Towards the end of training, it was time for a cool down. When training LLMs, one "cools down" the model by lowering the learning rate and changing the data mix to higher quality data. Our first cooldown surfaced two issues: contamination from a cached math dataset, and a training-loss phase shift caused by our linear-congruential shuffle. Switching to a Feistel-based shuffle fixed the latter completely. After cleaning the data and re-running the cooldown, the second cooldown was smooth and produced the final model.
The result: a strong, open 32B base model
Marin 32B Base is a competitive open-source base model. It outperformed Olmo 2 32B Base—the previous best fully open-source base model—on 32 of 42 tasks, and it performs especially well on knowledge-heavy evaluations like ARC, BoolQ, and PIQA.
Head-to-head, Marin 32B Base also beat Gemma 3 27B PT on 24 of 42 tasks, and its overall average rank places it alongside Qwen 2.5 32B and the newer Olmo 3 32B models. On our evaluation suite, Marin 32B Base actually ties Olmo 3 32B Base in win rate, despite Olmo 3 being trained by a much larger team and arriving a month later.
Mean rank across our evaluation suite (lower is better). Marin 32B Base lands in the top cluster of open(-weight) models, alongside Qwen 2.5 and Olmo 3, and ahead of Gemma 3 27B PT and Olmo 2 32B. Gray bars indicate open weight models, while blue bars indicate open source models.

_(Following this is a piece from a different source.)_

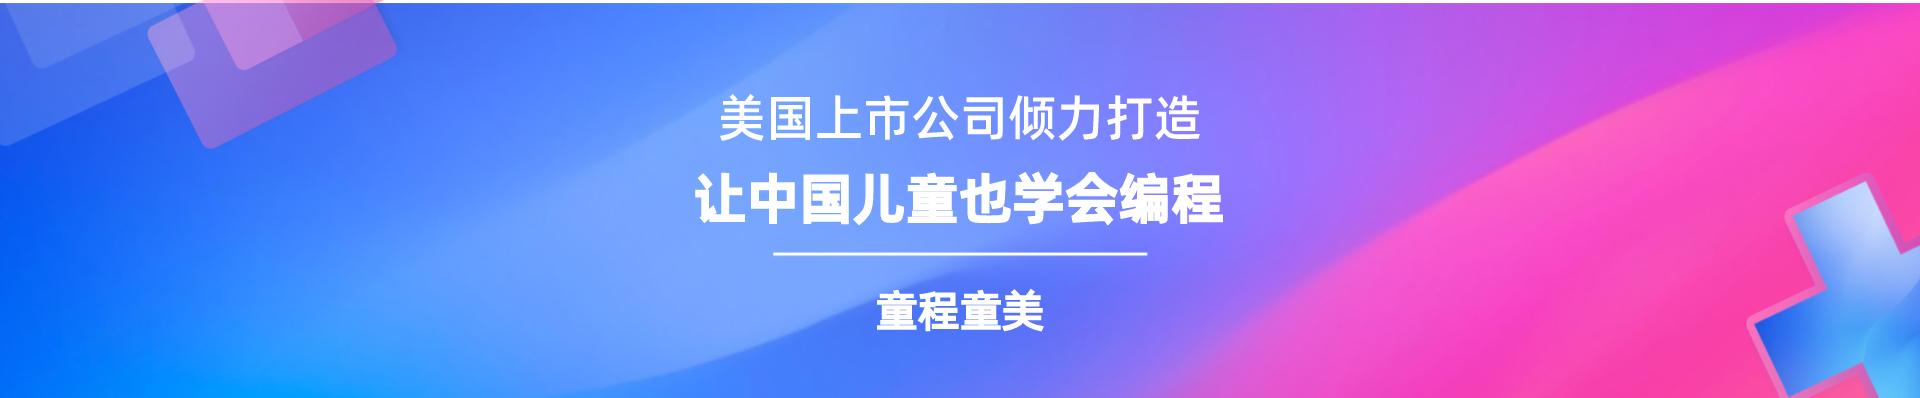 深圳宝安童程童美少儿编程培训

While Olmo 3 32B Base now comfortably leads on math and coding benchmarks, Marin 32B Base holds its own and still leads on many knowledge QA evaluations. For a model trained with a fraction of the team size typically expected for a 30B-scale run, we're proud of where it landed.
Because Marin 32B Base (like Olmo 3 32B) is open source, the weights, code, data recipes, and every experimental detour are public. Anyone can reproduce, audit, or build on the work.
The stack that made it possible
TPU stability across large slices
During the run, we moved across preemptible v5p-512 slices coordinated with Cloud TPU Multislice, a v4-2048 slice for the long middle, and several mid-run architectural transitions. Throughout, TPUs were completely reliable for us: no mysterious hangs, no collective-op debugging. Preemptions were predictable and easy to recover from.
JAX + Levanter = predictable performance
Levanter builds on JAX's XLA compilation. In practice, what mattered for us was deterministic restarts, stable MFU at scale without custom kernels, and JAX's activation checkpointing, which made the v5p to v4 migration easy.
Marin's experiment system
Marin logs every step of the experimental pipeline: hyperparameters, code versions, datasets, metrics, and artifacts. Even with architectural switches and restarts, the run never devolved into a tangle of scripts. And because it's all open, anyone can retrace or reproduce the training.
What's next
Marin 32B Base is a strong base model, but we're not done. Here's what's coming next:
- A reasoning-optimized Marin 32B
- Hardened multislice TPU support for smoother preemptible training
- Exploring MoE variants for the next scale
- Continuing to release everything, including successes and failures, openly
Closing thought
Training a 32B model with a small team isn't about heroics but about using the right tools and infrastructure. TPUs' reliability, JAX's clarity and performance, and Marin's open, reproducible process provided the leverage we needed. If the 8B run showed that open labs can build credible models, the 32B run showed they can do it at scale: quietly, steadily, and with far fewer people than you might expect.